Leave out the pictures and output exactly the lines below from the one with "CEALXHENY Raffia Drop" down to the one with "CAPTAIN MARVEL #27", both of them included.

• [DATA PROVIDED]
◆ ◆ ◆ ◆ ◆

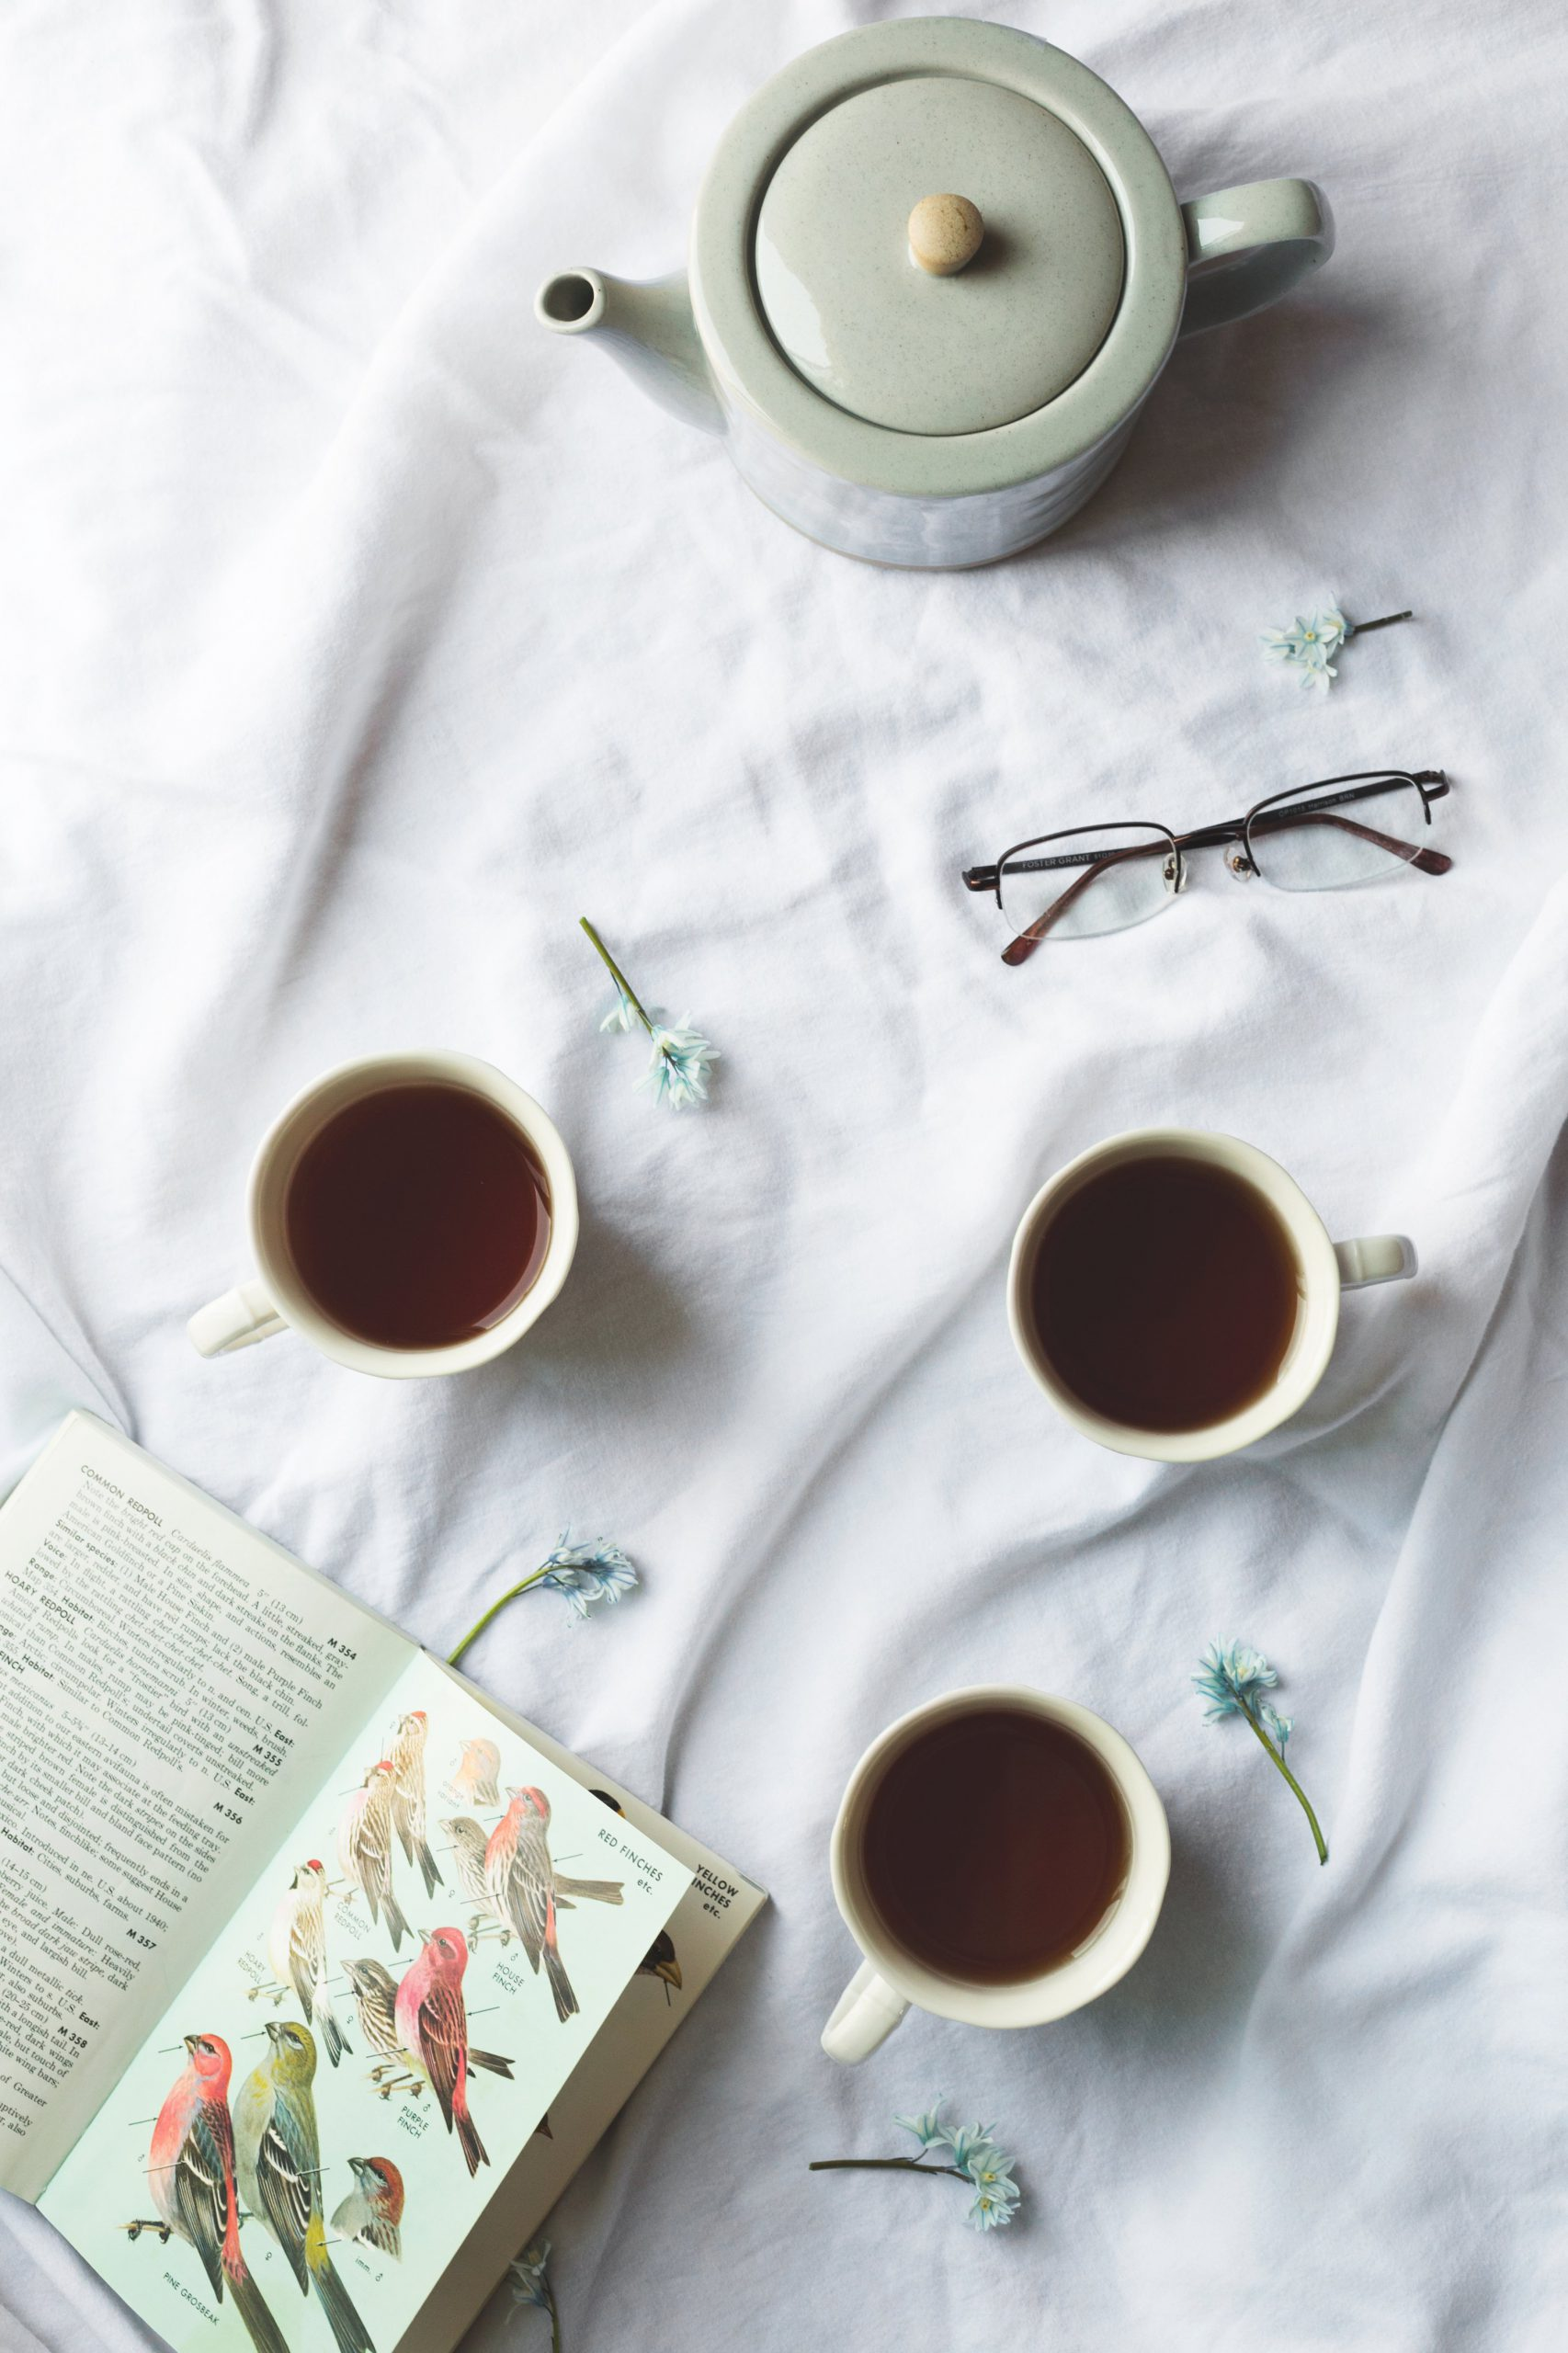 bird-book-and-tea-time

◆ ◆ ◆ ◆ ◆

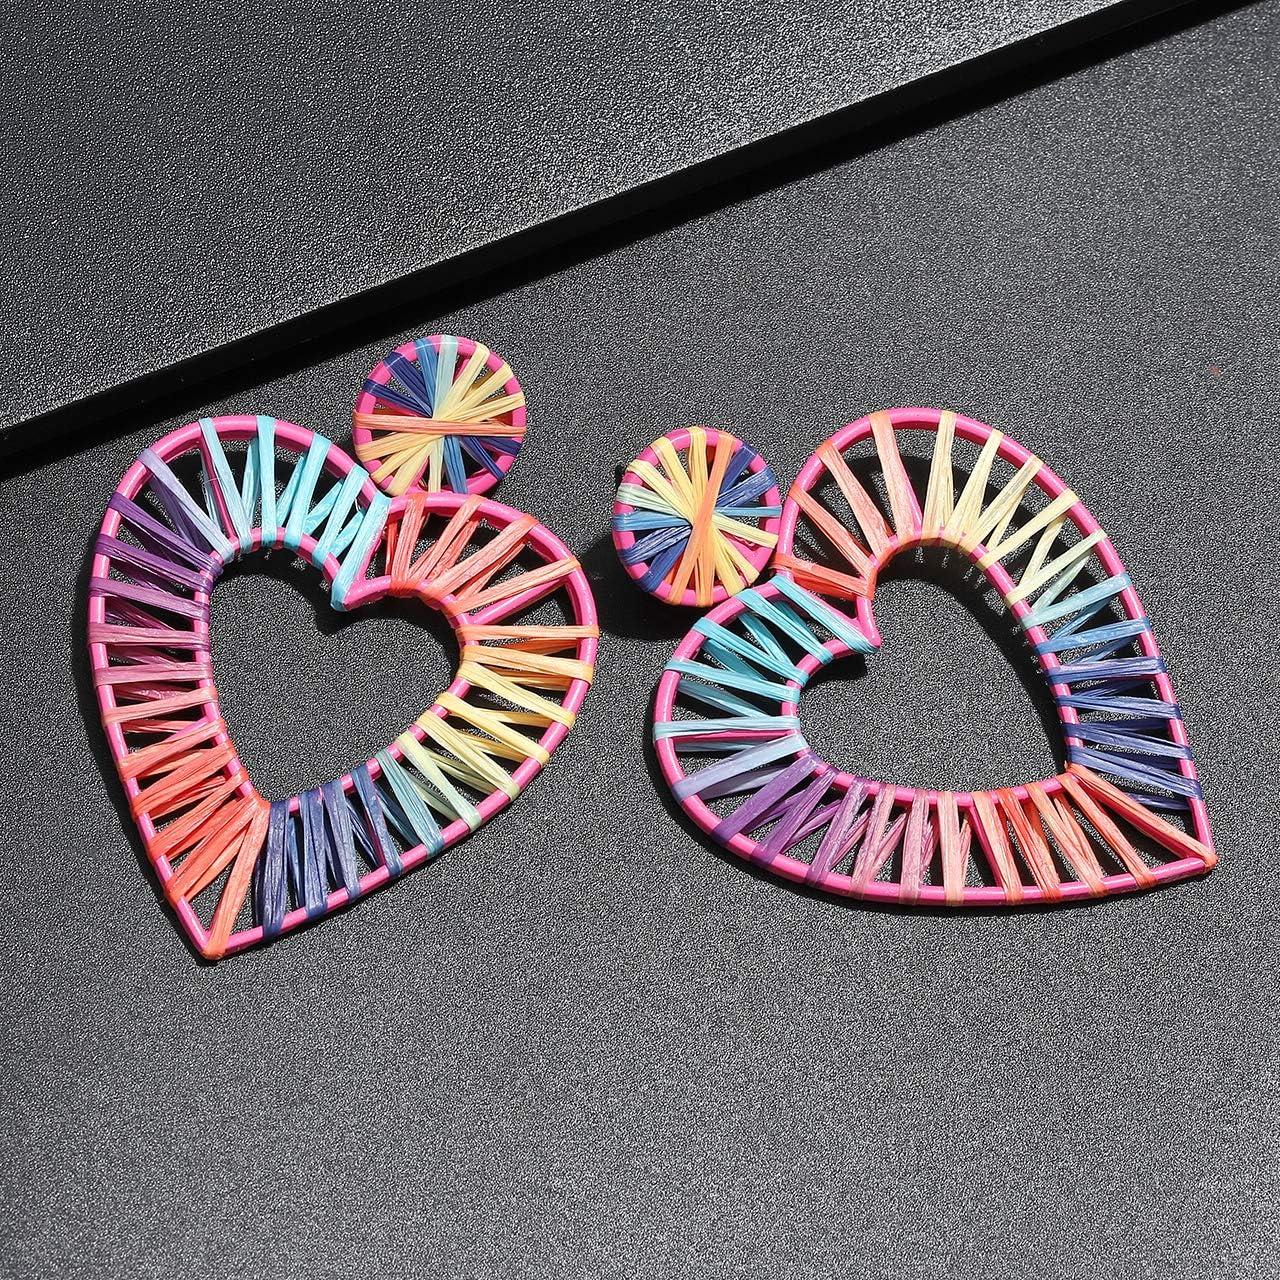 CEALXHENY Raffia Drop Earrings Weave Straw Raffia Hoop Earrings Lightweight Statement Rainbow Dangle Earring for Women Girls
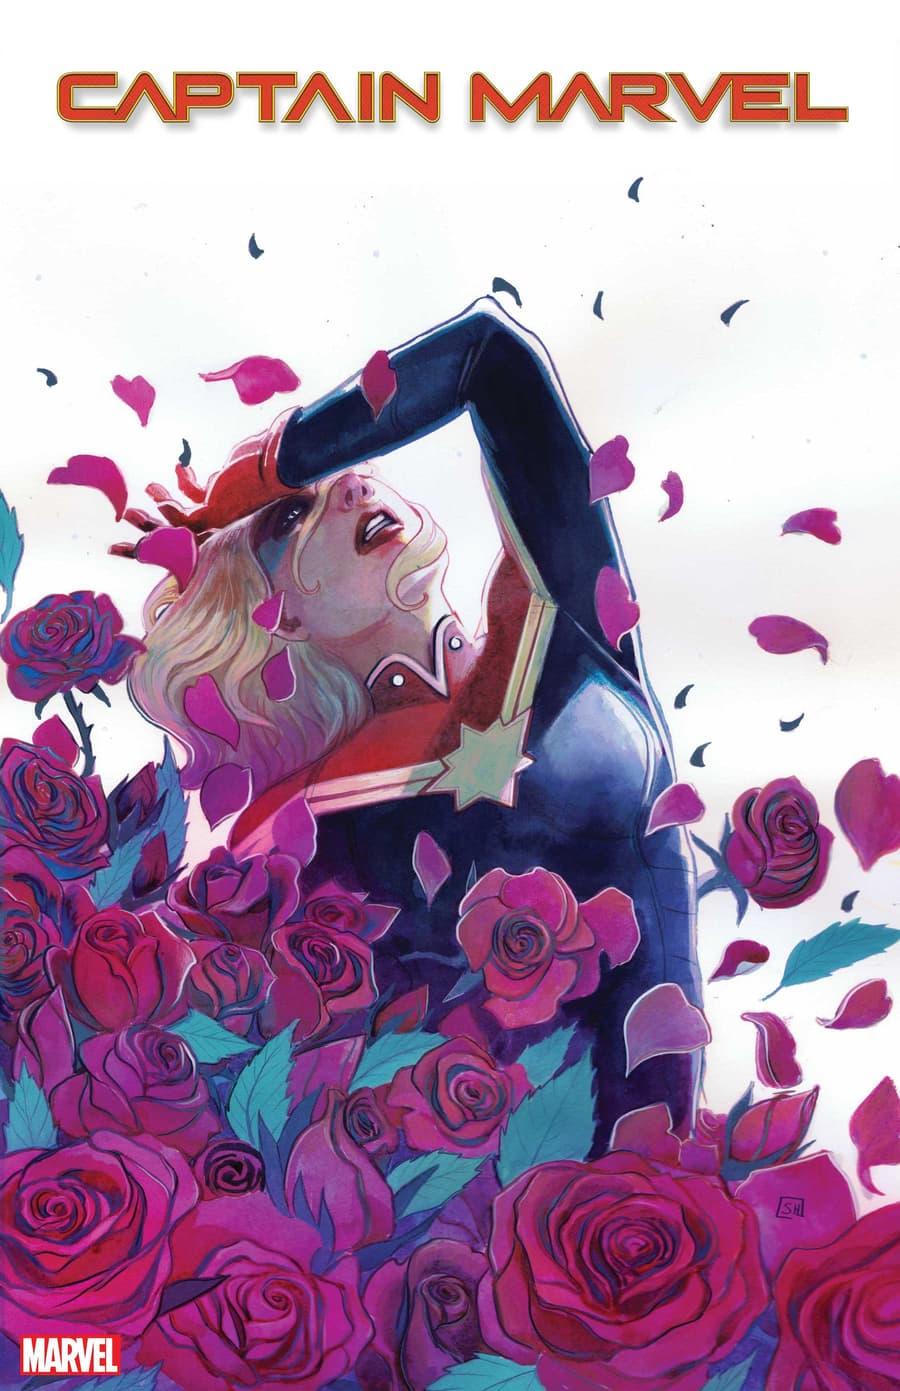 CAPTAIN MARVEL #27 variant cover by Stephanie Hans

◆ ◆ ◆ ◆ ◆

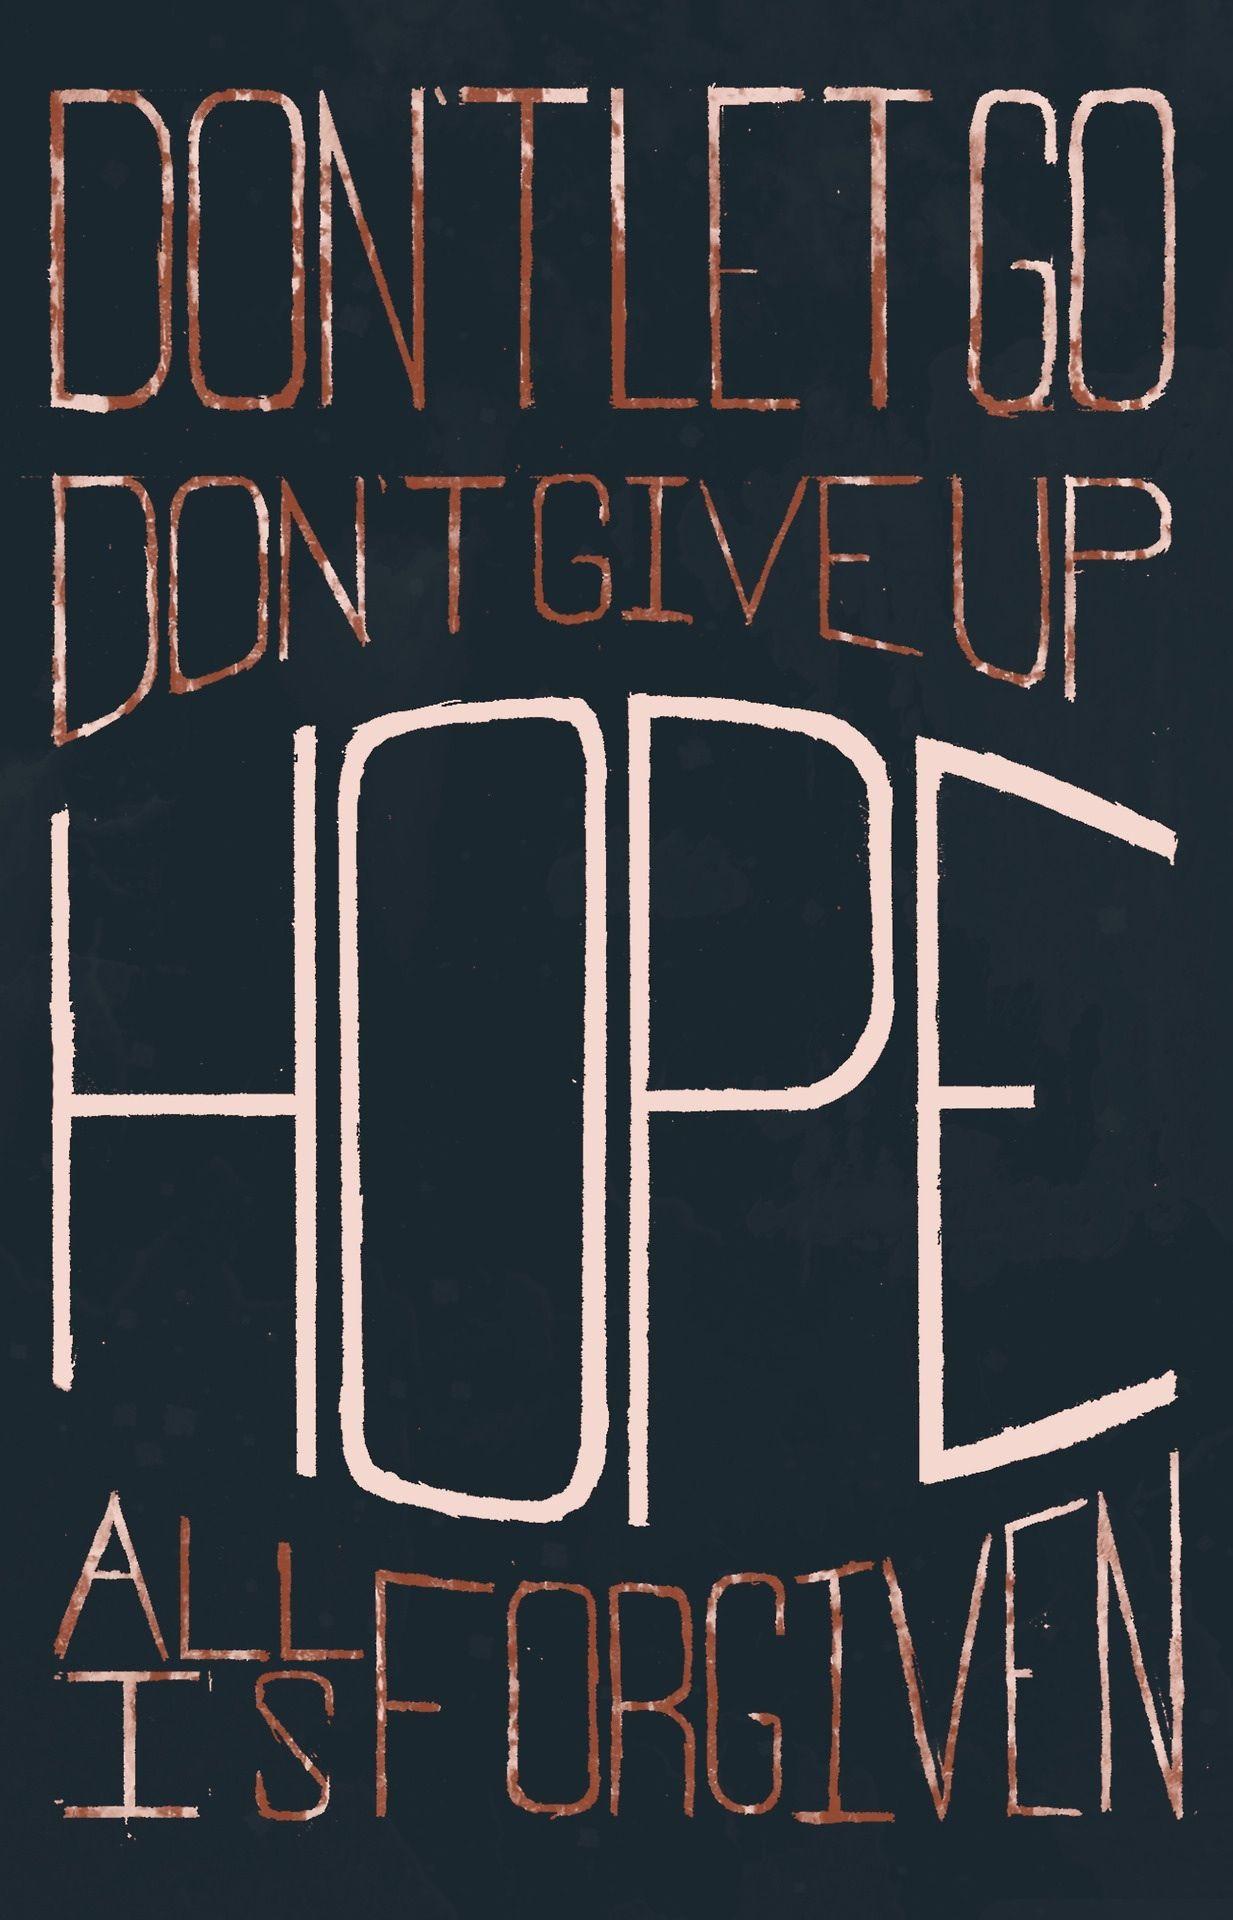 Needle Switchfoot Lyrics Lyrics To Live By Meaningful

◆ ◆ ◆ ◆ ◆

• [PROBLEM SOLUTION]
 CEALXHENY Raffia Drop Earrings Weave Straw Raffia Hoop Earrings Lightweight Statement Rainbow Dangle Earring for Women Girls
 CAPTAIN MARVEL #27 variant cover by Stephanie Hans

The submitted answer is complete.